Wednesday, September 30, 2009

Accountability...

Accountability: The obligation to demonstrate and take responsibility for performance in light of agreed expectations. There is a difference between responsibility and accountability: responsibility is the obligation to act; accountability is the obligation to answer for an action.

This is a word in the area of my diet that I've been very lax on lately. After I had my surgery, I lost my appetite for a few weeks so I was losing weight pretty easily. Then my appetite came back and I discovered I was allergic to the peanut/tree nut family and I still continued to do pretty well until lately. You see, after my surgery I gave up all things carbonation and cut my sweet tea back to one glass a day or none at all. Crystal Light Lemonade was all I wanted until I went back to work. Because I don't drink coffee or Diet Coke's except on a rare occasion, I've taken to drinking a Rt 44 Sweet Tea cut in half from Sonic. NOT GOOD!!!!! What this does is keep me from drinking water at all because I drink on that all day! I've also gotten more relaxed on things such as chips and salsa, hamburgers, etc. Well that is no more!

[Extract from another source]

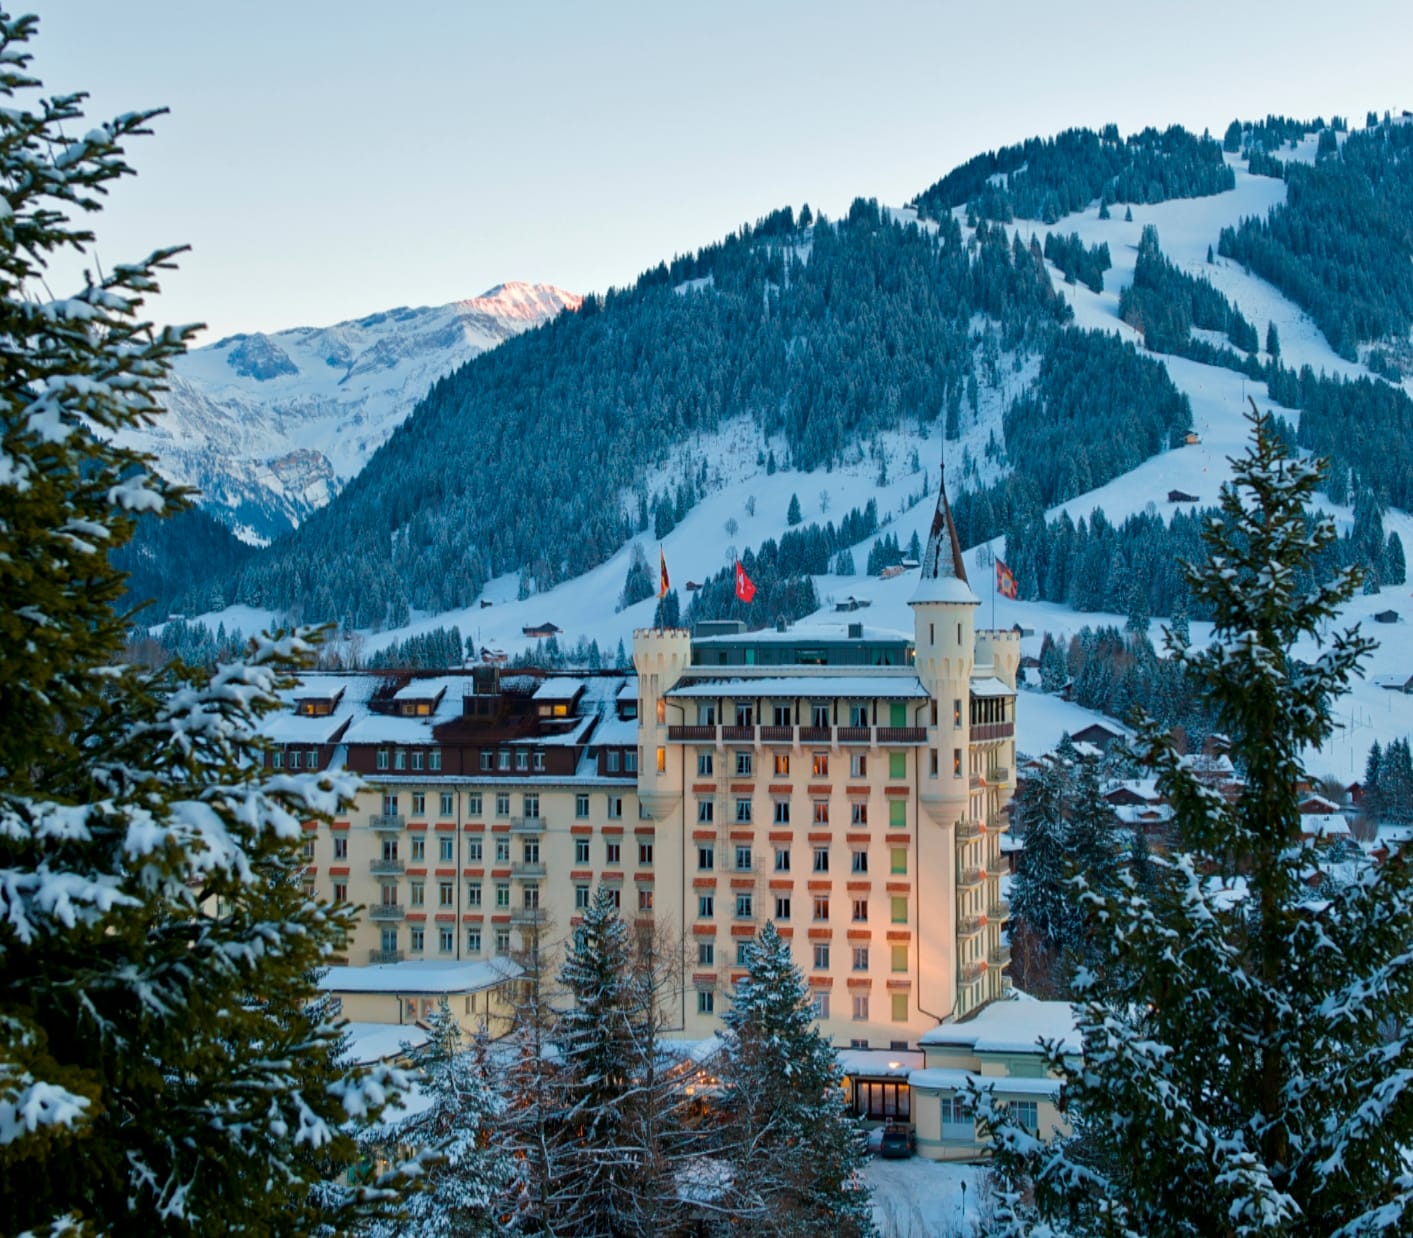 Eingebettet in eine idyllische Winterlandschaft steht das Gstaad Palace Hotel, das seit über 100 Jahren als eines der berühmtesten Hotels der Schweiz gilt. Luxus und Promigarantie haben ihren Preis: 740 Euro kostet die Nacht in einem Doppelzimmer.

Tomorrow is the first day of October and the first day of the NEW me (as if I didn't already do that 9 weeks ago) and new, healthy habits! My attitude and confidence changed a lot with my surgery and the compliments I continue to get are helping. I mean when someone says "Jordan, how much weight have you lost, you look great!", who am I to say I haven't really, I just lost my chest so I appear much thinner, so I say thanks and go on. No more! If someone compliments me for weight loss it's going to be because I'm working my butt off to lose it! I've gone off all med's (compliments of my surgery) including the Fibromyalgia one that made me start gaining. NO MORE EXCUSES! I will be walking everyday whether it be outside or inside on my treadmill. I will find some form of pilates or aerobics to do. I will be holding myself accountable on here and I ask that you do to. If you see me ask not how I am but am I holding true to the no tea or junk food (which honestly is not that big of a problem).

Also note that I'm not so much doing this to lose weight but to be healthier. I've never been one to be extremely self-conscious about my weight. It's almost become a part of me that makes me me. I'm too comfortable in my own skin I think to lose weight and draw attention to myself. I still cross my hands over my chest when I see people I haven't seen. I also am really going to hate to have to give up some of my wardrobe when I lose the weight I want too. I've already had to do some of that though and to be honest it was very hard but when it went to someone who really needed the clothes and I was told how much she loved them it made it even more worthwhile!

Being happy doesn't mean that everything is perfect. It means that you've decided to look beyond the imperfections.